Two Brazilian researchers will take part in the first Latin American scientific expedition to the South Pole. The expedition is being organized by the Chilean government.
Jefferson Cardia Simões will be the first Brazilian to cross the continent of Antarctica and reach the South Geographic Pole.
The team, which is made up of 32 Chileans and two Brazilians, with 42 tons of equipment and supplies, has left yesterday from the Patriot Hills base in Chile.
The expedition will last two and a half months and is expected to reach the South Geographic Pole at the end of November.
They will then make a slow return to Patriot Hills, conducting various studies on the Antarctic ice and its interactions with the climate.
The 2,500 kilometer round-trip will be made with the aid of a polar tractor that will haul various sleds carrying laboratories, accomodations, and food.
The second Brazilian member of the team, Francisco Aquina will do research on climate at the Chilean Patriot Hills station (80º south latitude).
Aquino and Simões are professors in the Nucleus of Antarctic and Climatic Research at the Federal University of Rio Grande do Sul.
Simões is also a researcher for the National Council for Scientific and Technological Development (CNPq) and the Brazilian Antarctic Program (Proantar).
The scientific equipment for the expedition is being financed by the CNPq, a development agency attached to the Ministry of Science and Technology.
The equipment includes an ice-drill capable of boring up to 50 meters and radar for the team’s security.

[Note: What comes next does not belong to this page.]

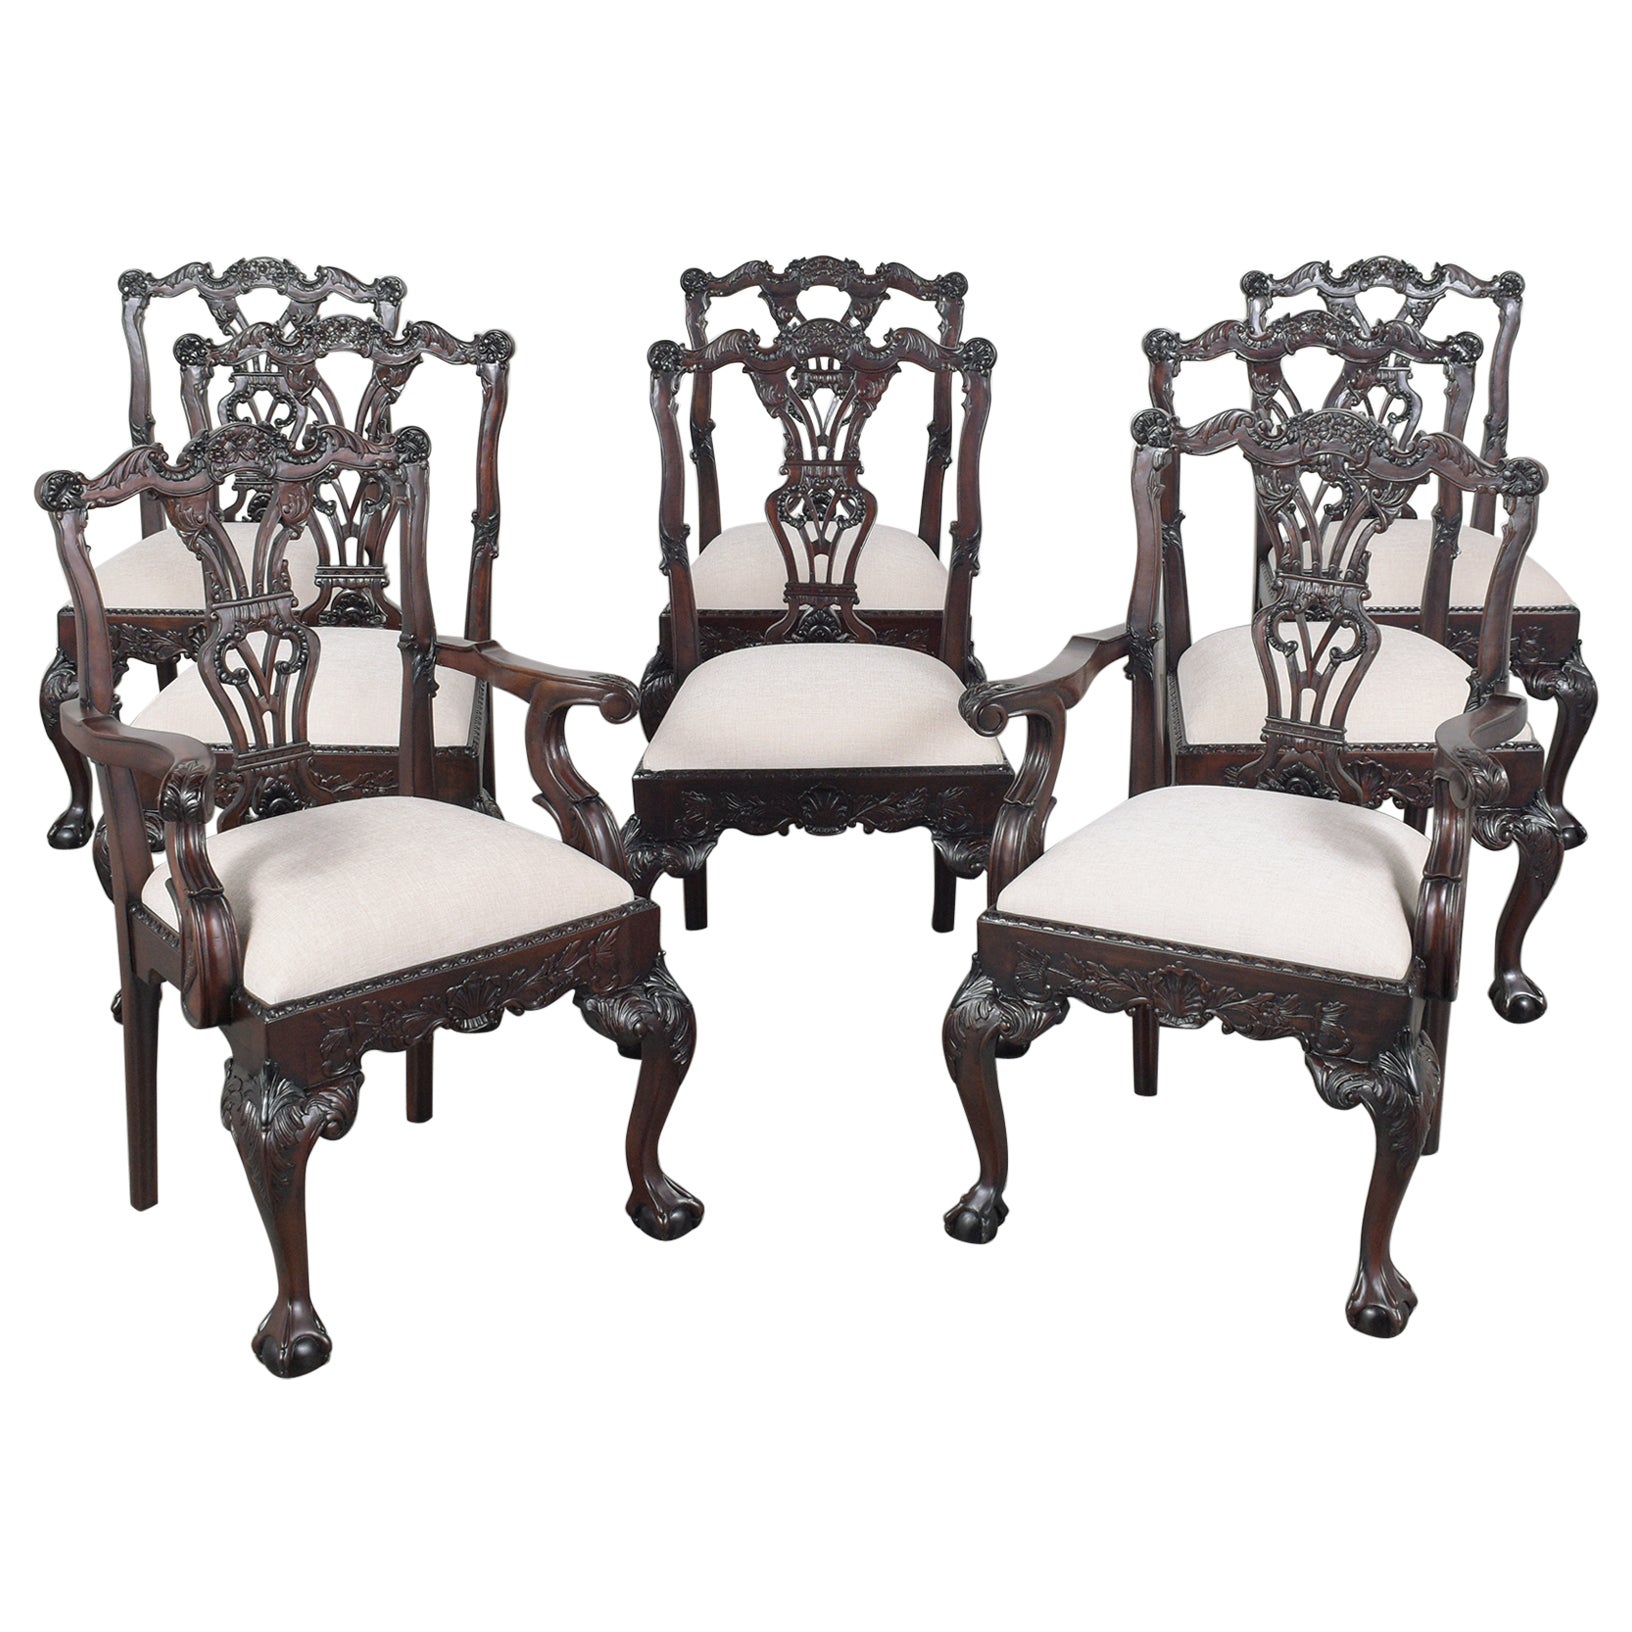 Set of 8 Restored Chippendale-Style Mahogany Dining Chairs with Ivory Upholstery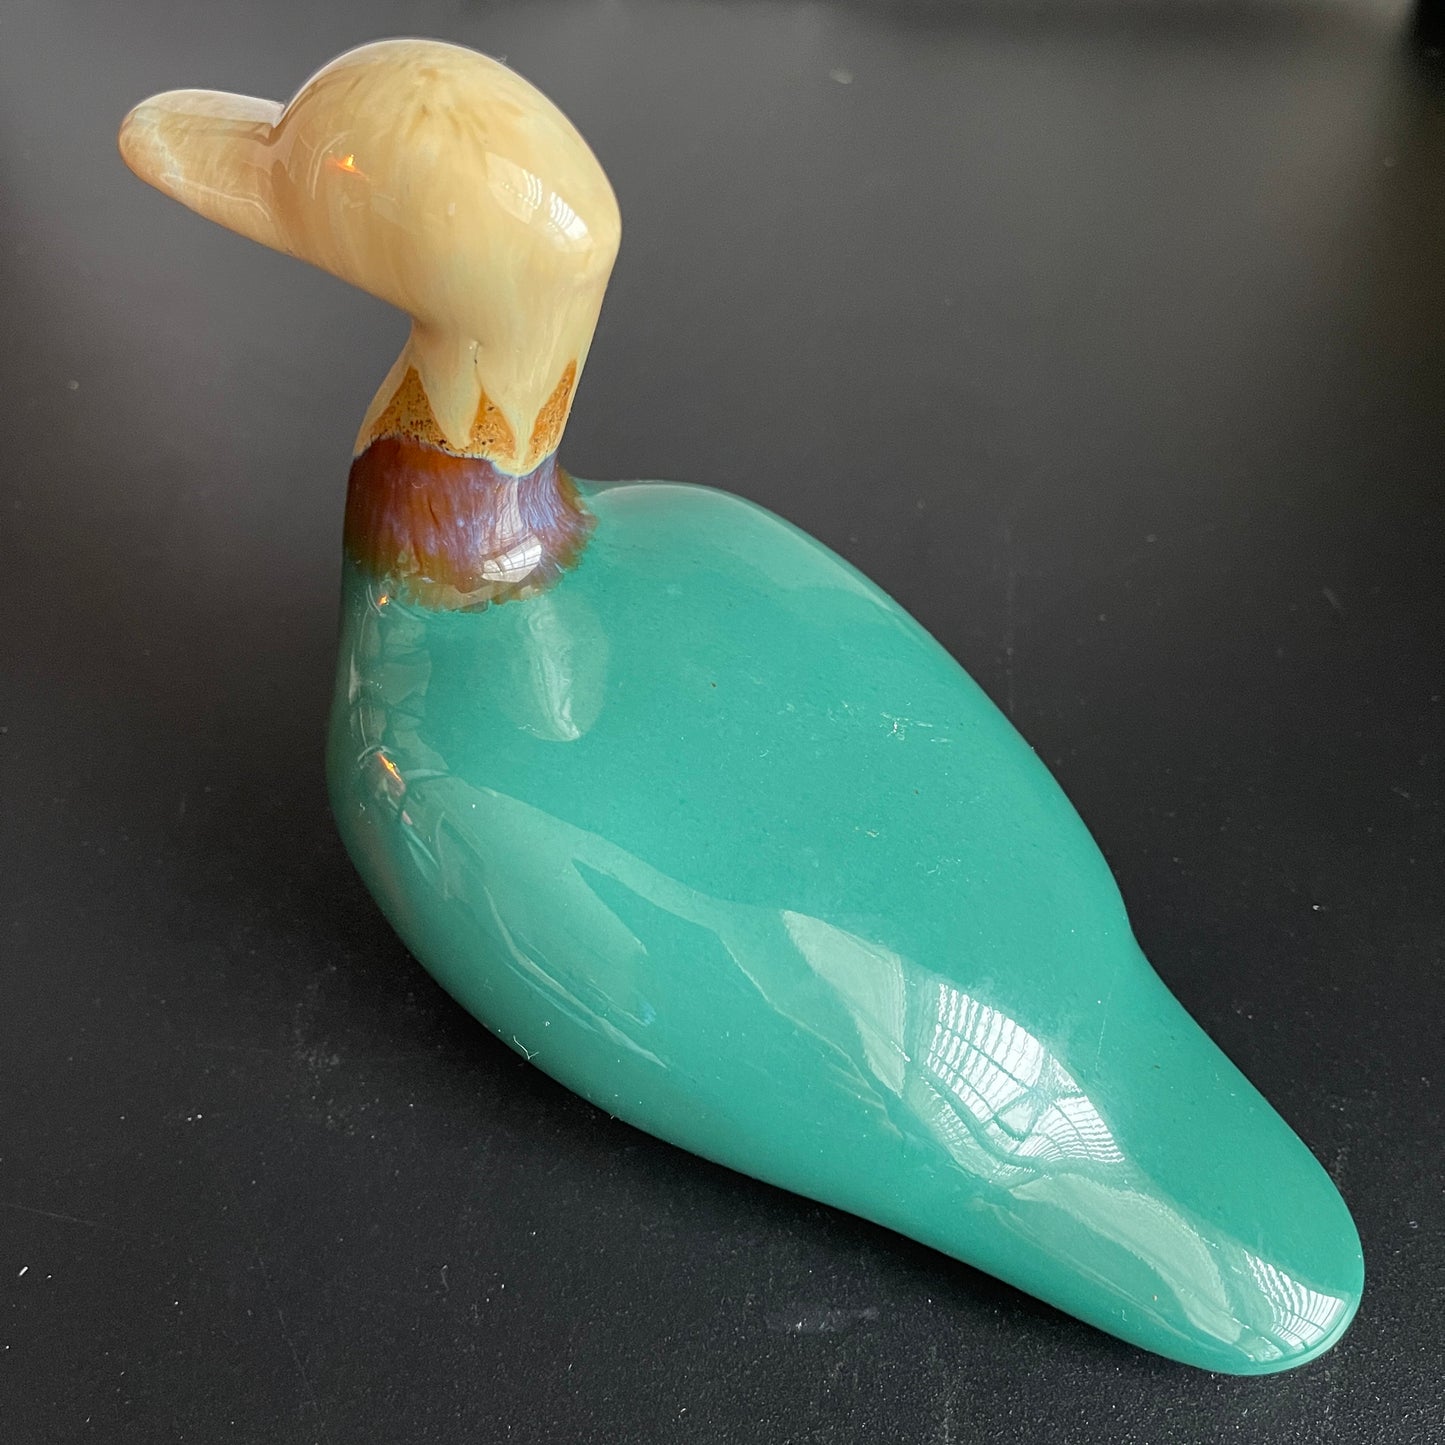 Delightful Duck Signed By Artist Vintage Porcelain Collectible Figurine

All the laboratory work is being financed by the CNPq.
The chief goal of the expedition is to advance investigations of the role of Antarctica in global environmental changes, especially in controlling the climate of South America.
Simões will gather samples of the snow that has accumulated over the last 400 years. At the same time, the Chilean researchers will study the movement of Antarctic ice.